#### ASSIGNMENT:
Return the lines of the material below exactly, beginning with the line that has "Handsome young executive" in it and finishing with the line that has "Fine PAIR of" in it. Leave all pictures aside.

#### TASK INPUTS:
================================
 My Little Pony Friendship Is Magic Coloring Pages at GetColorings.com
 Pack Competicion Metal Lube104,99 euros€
================================
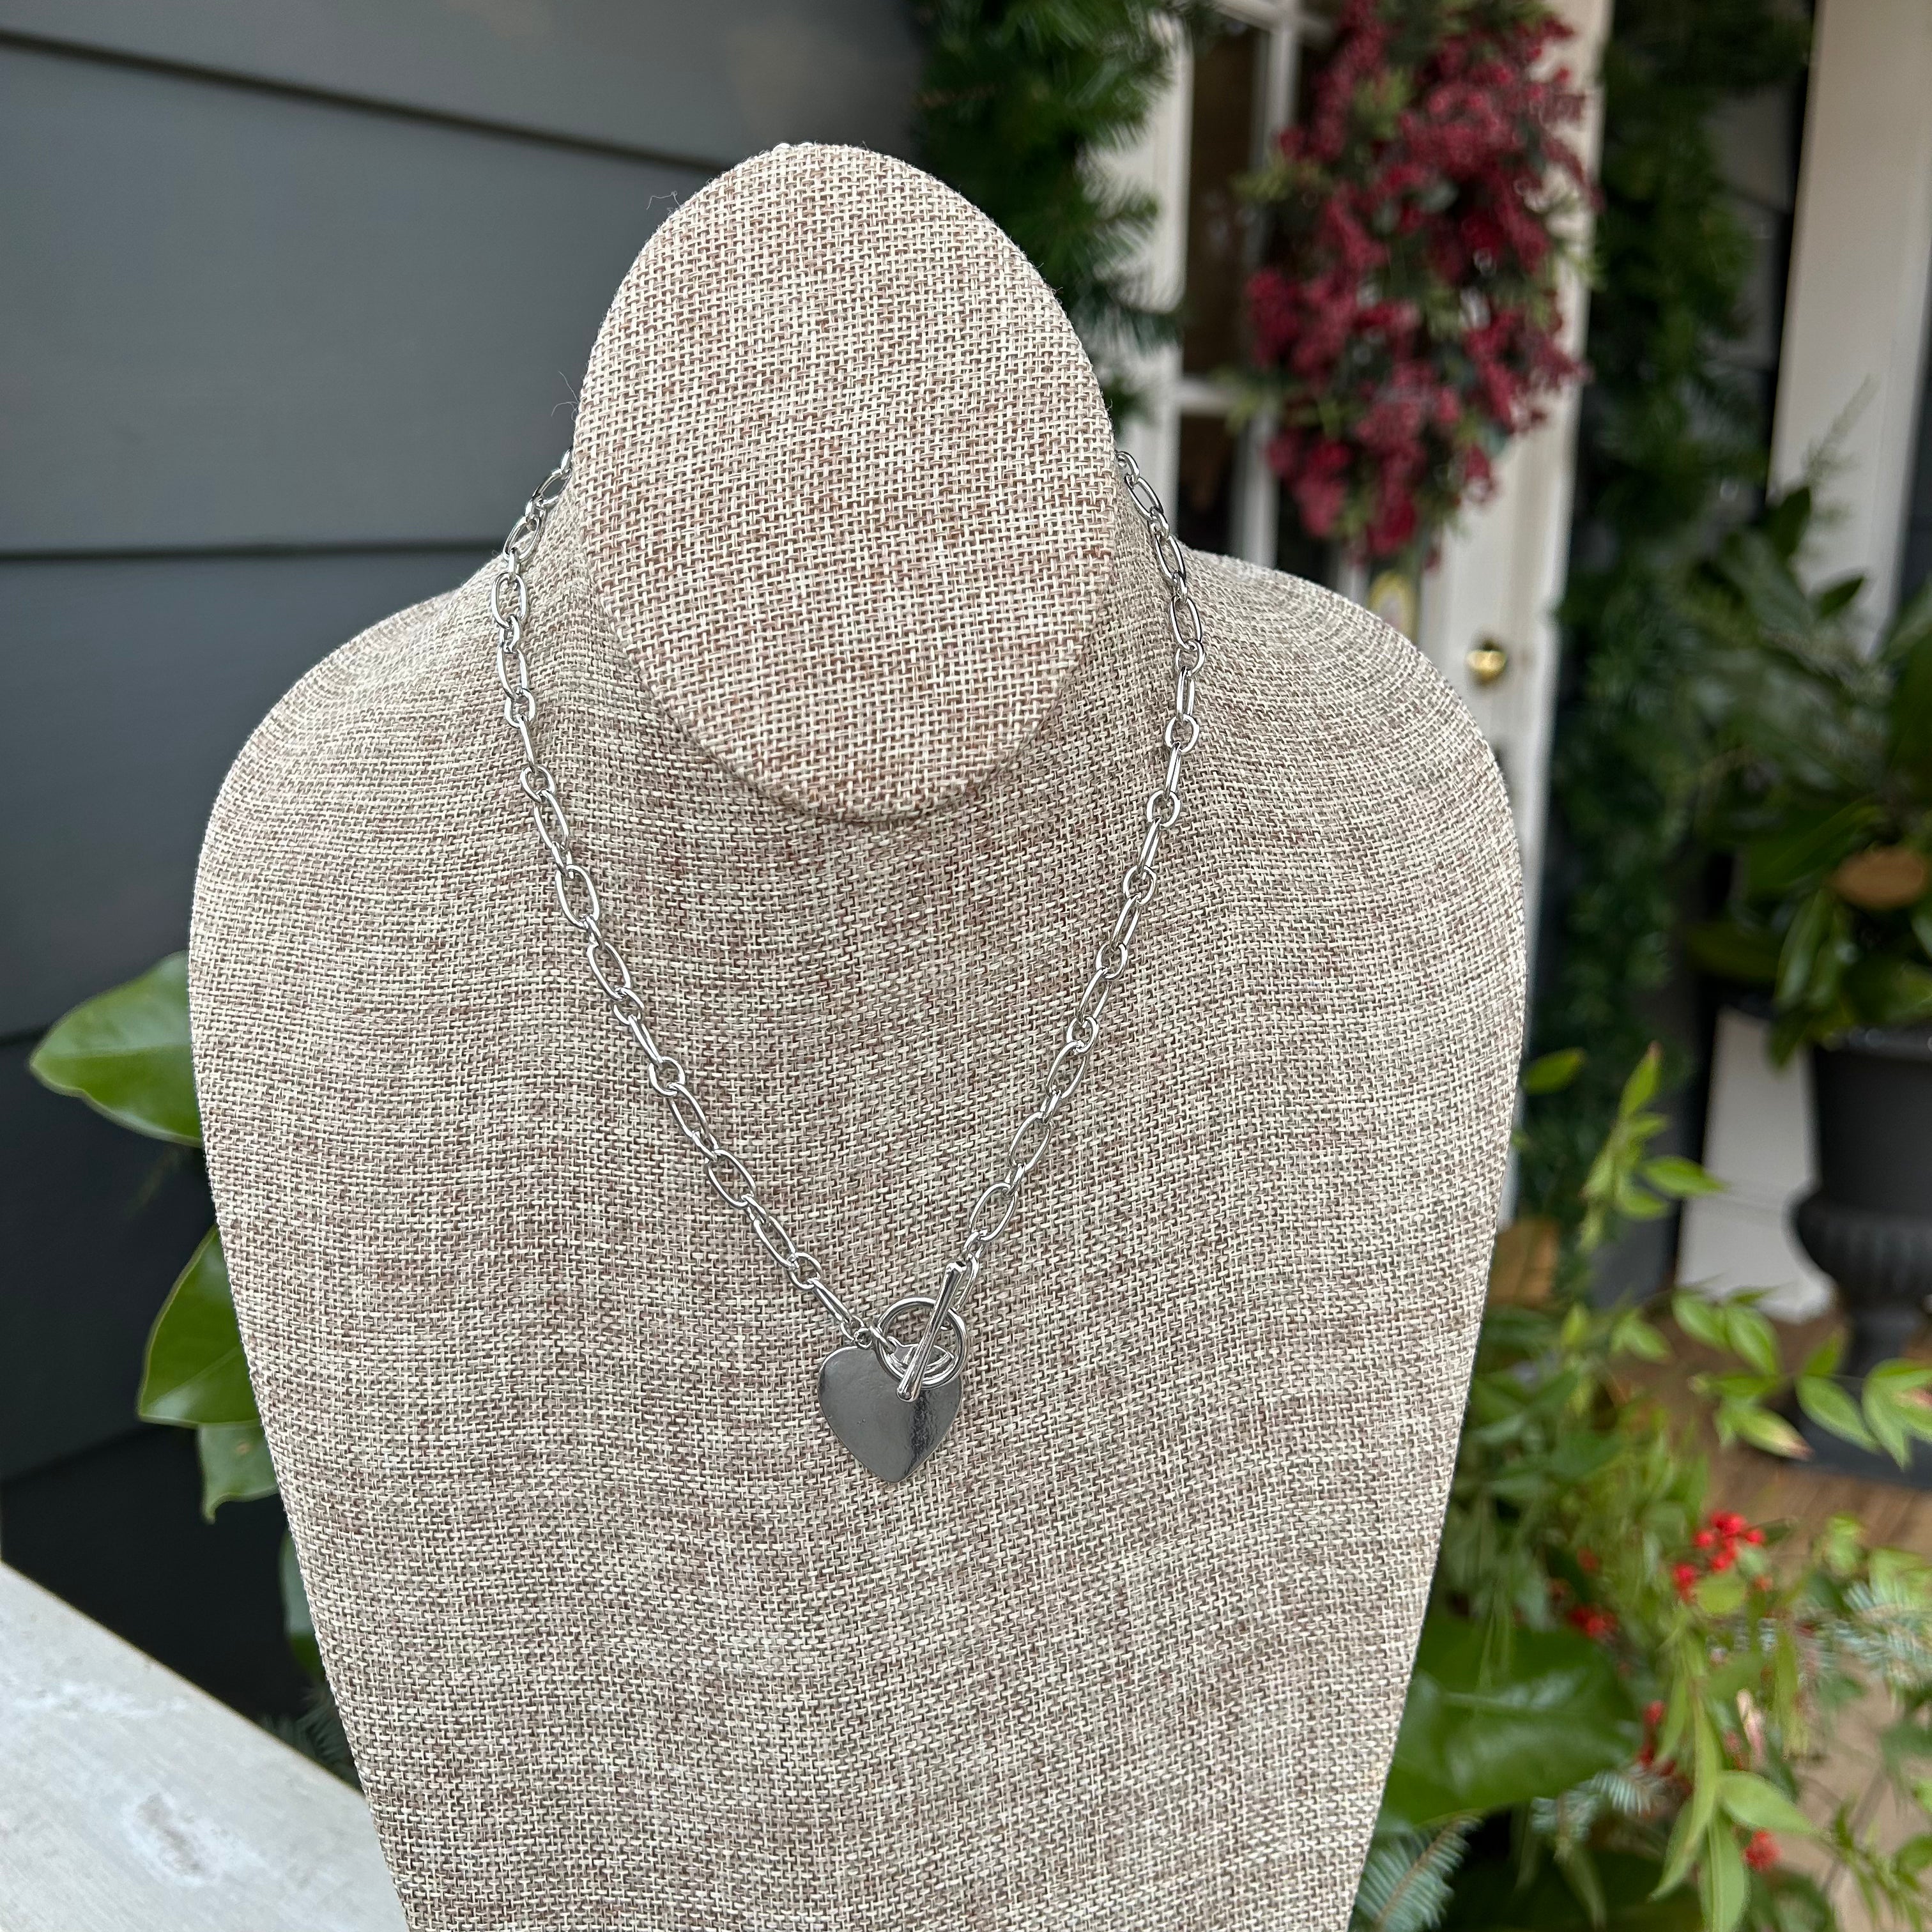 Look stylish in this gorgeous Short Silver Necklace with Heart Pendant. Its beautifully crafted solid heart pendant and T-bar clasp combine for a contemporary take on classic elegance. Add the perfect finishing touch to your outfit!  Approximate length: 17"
================================
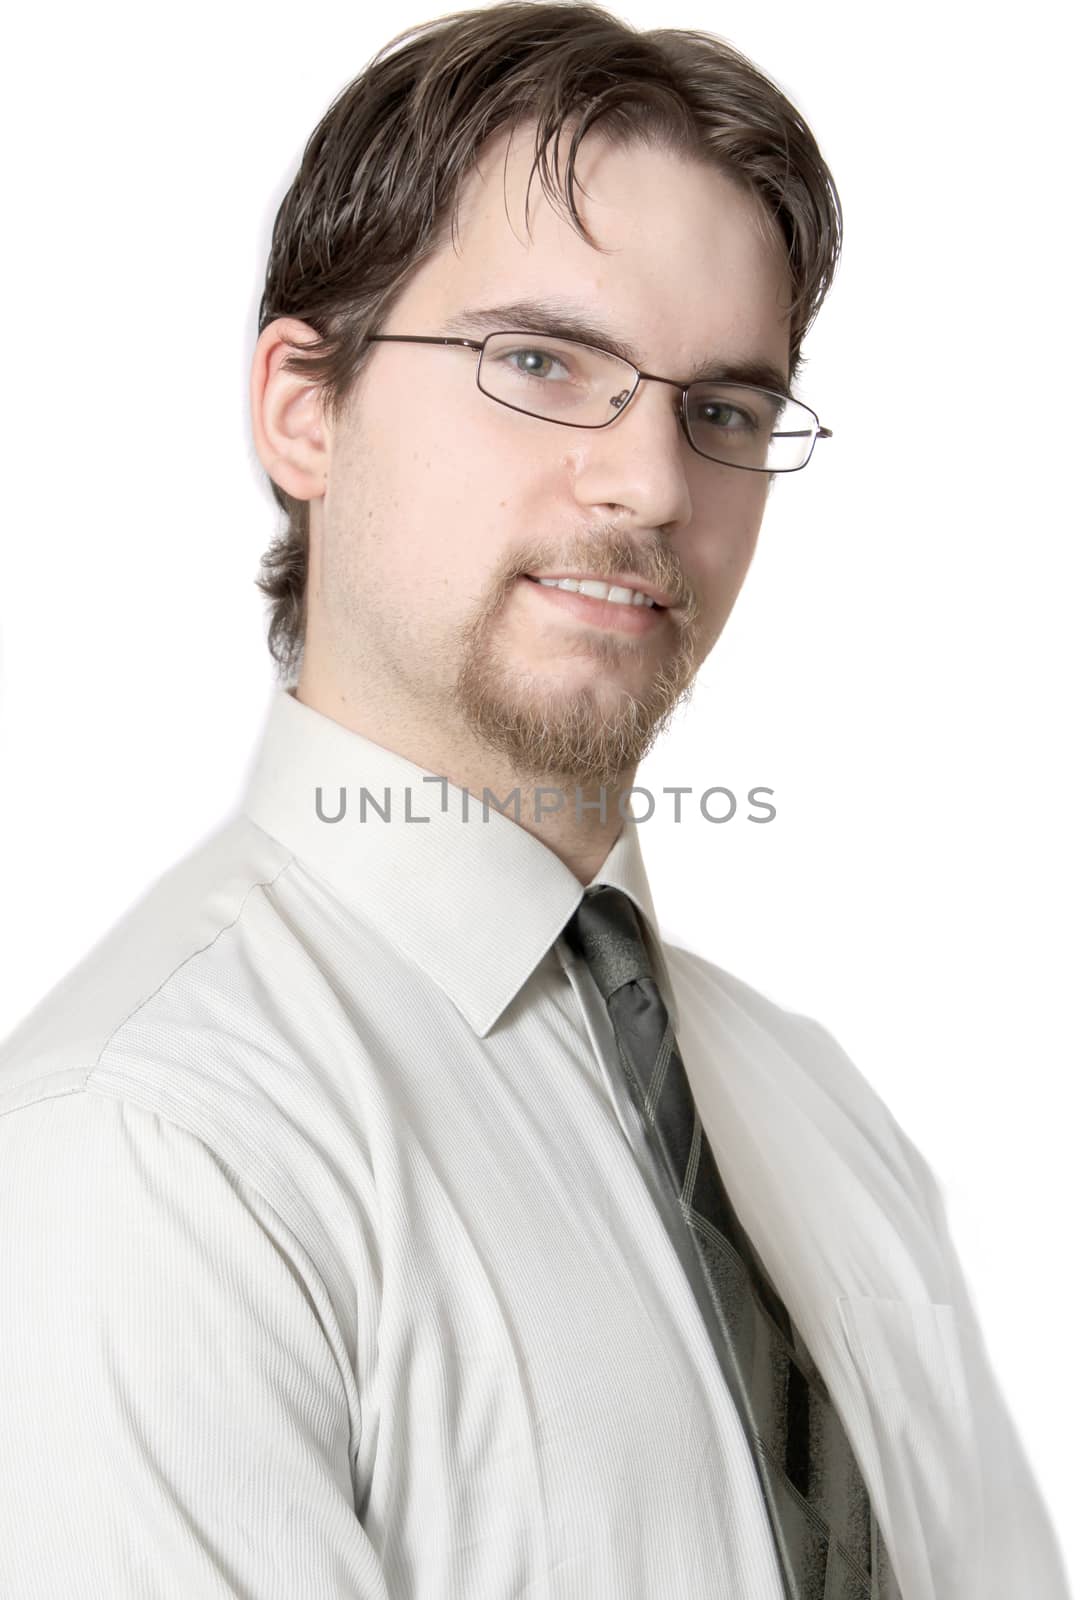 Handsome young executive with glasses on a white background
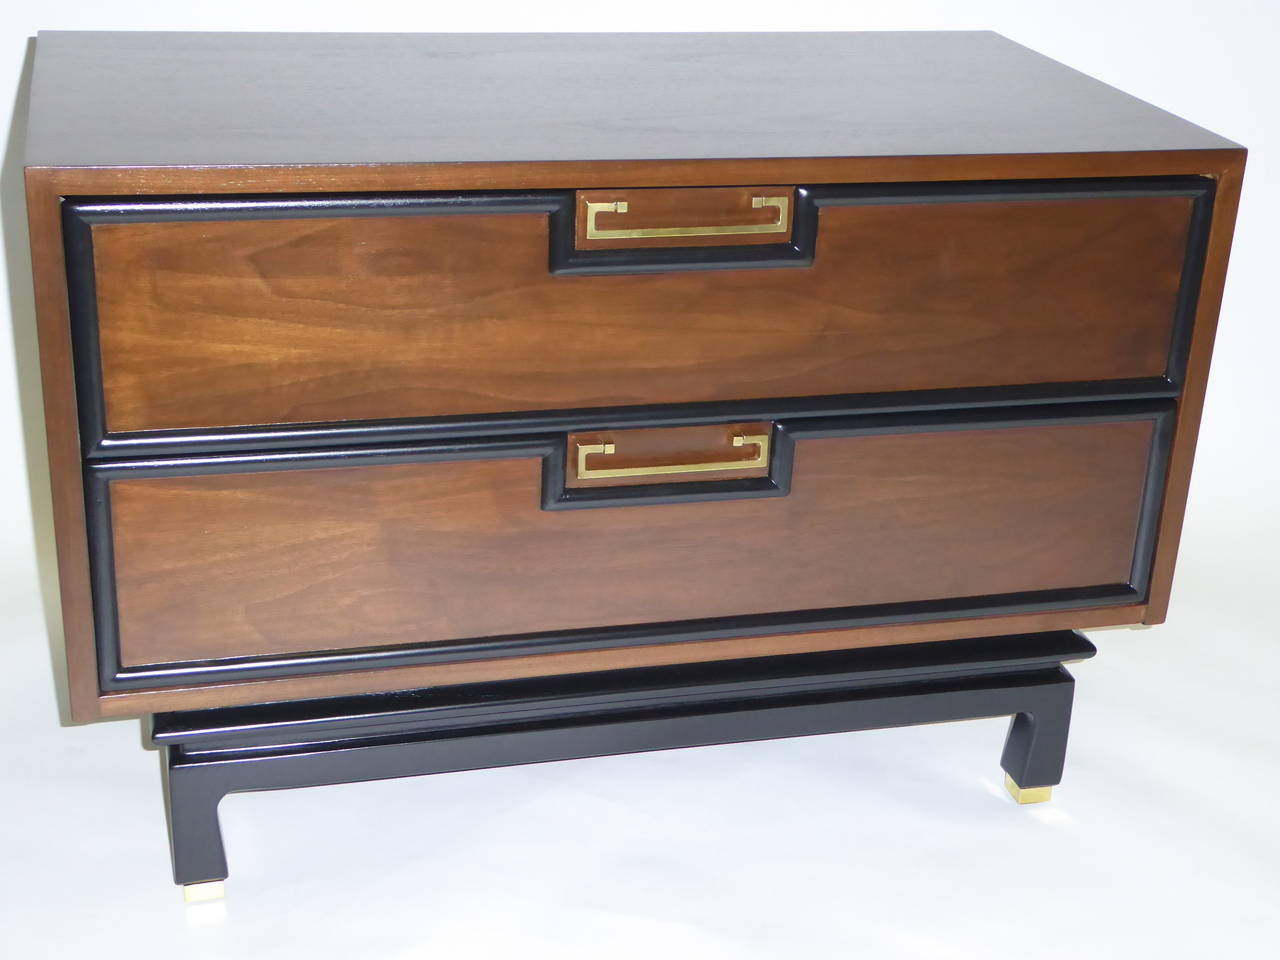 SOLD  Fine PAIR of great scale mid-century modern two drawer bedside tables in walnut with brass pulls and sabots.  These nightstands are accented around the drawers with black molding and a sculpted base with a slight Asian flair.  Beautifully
================================
#### ANSWER TO THE PROBLEM:
 Handsome young executive with glasses on a white background
 SOLD  Fine PAIR of great scale mid-century modern two drawer bedside tables in walnut with brass pulls and sabots.  These nightstands are accented around the drawers with black molding and a sculpted base with a slight Asian flair.  Beautifully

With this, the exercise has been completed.